1.​Be serious, grave and dignified. Avoid lightness, jesting and foolish talking.

2.​Avoid all affectation and pretence. A preacher is the servant of all and an example to all. Be ashamed of nothing but sin. Let your whole deportment be serious and weighty.

3.​Be punctual. Do everything exactly on time. Never disappoint a congregation. Begin at the time appointed.

4.​Your business is to save souls. Therefore, spend and be spent in this work. Always be ready to go to those who need you.

5.​It is your duty not only to preach, but to think of those over whom the Holy Ghost has given you charge. Bring all the sinners to repentance that you can, and lead them into holiness and the baptism in the Holy Ghost. You will need all the grace, wisdom and strength you can receive from God to do this.

6.​Act in all things as a son in the Gospel and not according to your own will. Spend all the time you can in reading, studying and praying.

7.​Choose the plainest text you can. Take care not to ramble. Stick to your subject. Do not allow your gesture to become awkward. Don’t thrash around too much. Don’t speak too loudly or too softly, but plainly and distinctly.

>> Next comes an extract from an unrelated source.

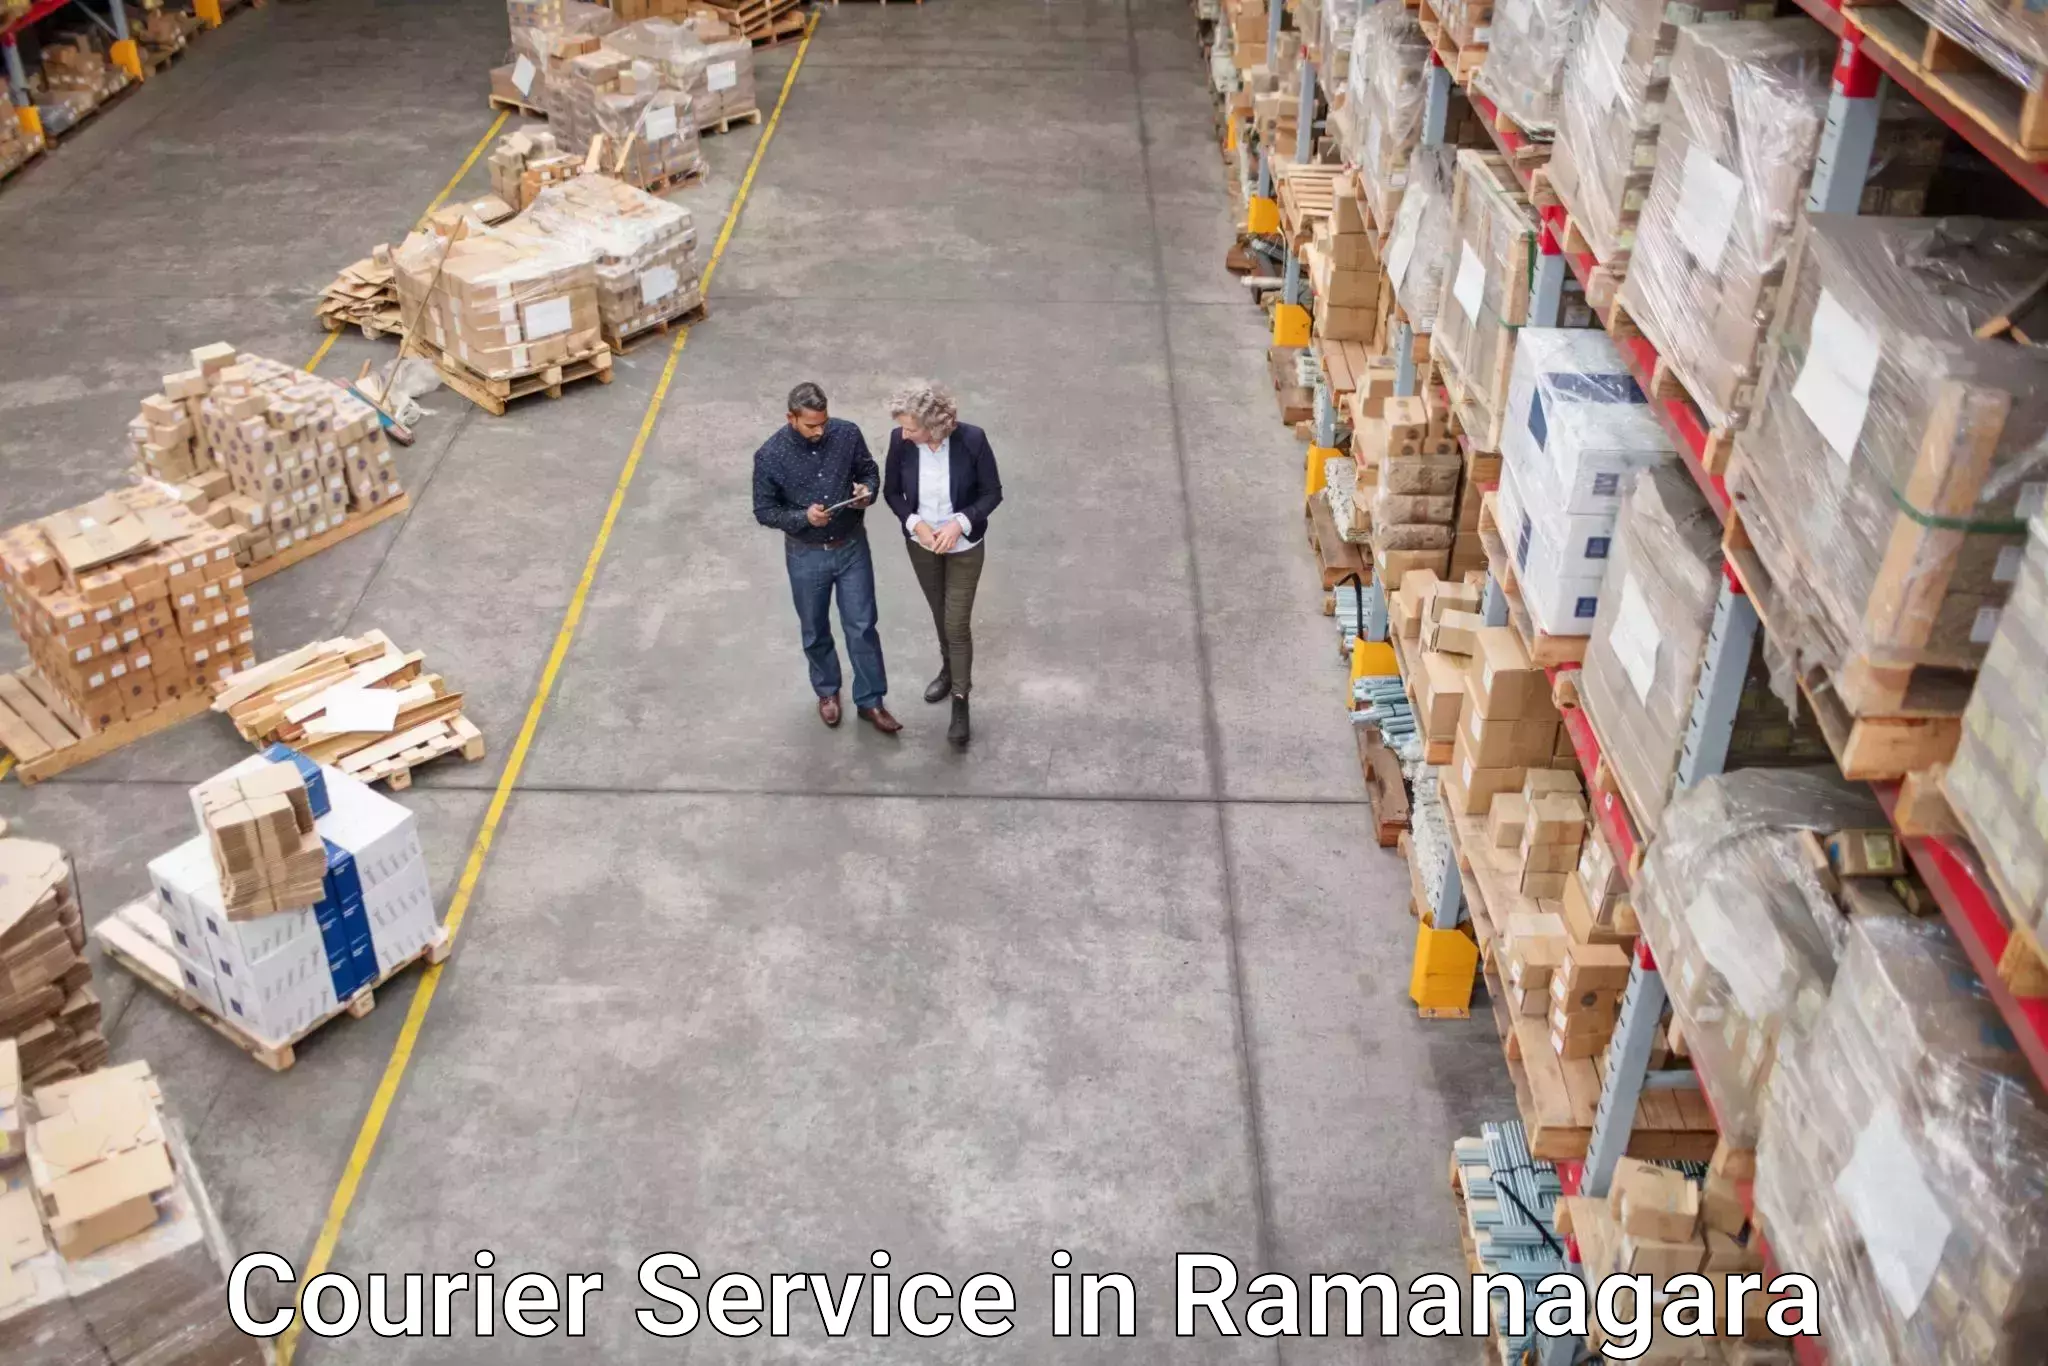 Personal courier services in Ramanagara

8.​Do not show partiality to any special group, class or individual in the congregation. Minister to the needs of all as you are led by the Spirit of God.

9.​“Pray for them which despitefully use you.” – Matt. 5:44. If you do this you have the assurance that your most bitter opponent can do no more than inconvenience you or cause you some material discomfort or loss. They may kill the body but they cannot injure the soul.

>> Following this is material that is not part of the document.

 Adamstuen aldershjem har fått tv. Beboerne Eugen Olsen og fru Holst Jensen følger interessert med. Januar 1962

10.​Work to bring the Saints into the place where they will fear God and not the Church. Exhort people to live to God and not to man, seeking to have God’s own Standard set up in their hearts, rather than the standard of man.

“The man who removes a mountain begins by carrying away small stones.” – William Faulkner


i.​Your mind, like the eagle with its mighty wings, is capable of soaring to great heights.

ii.​Conquer thyself. Till thou hast done this, thou art but a slave. For it is almost as well to be subjected to another’s appetite as to thine own.

iii.​You can build a stairway to anything in life that you desire.

iv.​There is something wrong when the children of the King of Kings go about like sheep hounded by a pack of wolves. There is something wrong when those who have inherited infinite supply are worrying about their daily bread. There is something wrong when people are so worried and absorbed in making a living that they cannot make a life.

v.​Faith is never passive, it must be active. It is not simply theoretical acquiescence; it is positive co-operation. It is not asking, it is believing that we have that for which we ask, and living as if we had already receive. It involves the launching of conscience and heart and will in the direction of the object of one’s faith.

vi.​Fear, doubt, and worry, disorganize and paralyze the delicate machinery of the nervous organism and as a result it’s various activities and unquestioned faith in the Great Creator, the providing and sustaining power.

vii.​When the goal-post is down the game is over, so it is in the game of life.

viii.​The RUNG of a ladder was never meant to rest upon but only to hold a man’s foot long enough to enable him to put the other somewhat higher.

ix.​The world will stand aside for a man to pass who has a goal and knows his way.

x.​Keep on top of your sorrows. Never parade your disappointments. Don’t complain about your work. Never grumble about being over-worked. Forget injustices. Accept criticism kindly. Accept complaints kindly, also but never expect them.

xi.​If God called you to preach, do not stoop to be a king.

xii.​Insincerity is intolerable in a minister, unselfishness is required.

xiii.​The world looks at ministers out of the pulpit to see what they mean when they are in it.

xiv.​“Preach the Word”, for you are under orders. “Do the work of an evangelist”. Know the Bible. Commit much Scriptures to memory. Know your Biblical doctrines and preach them.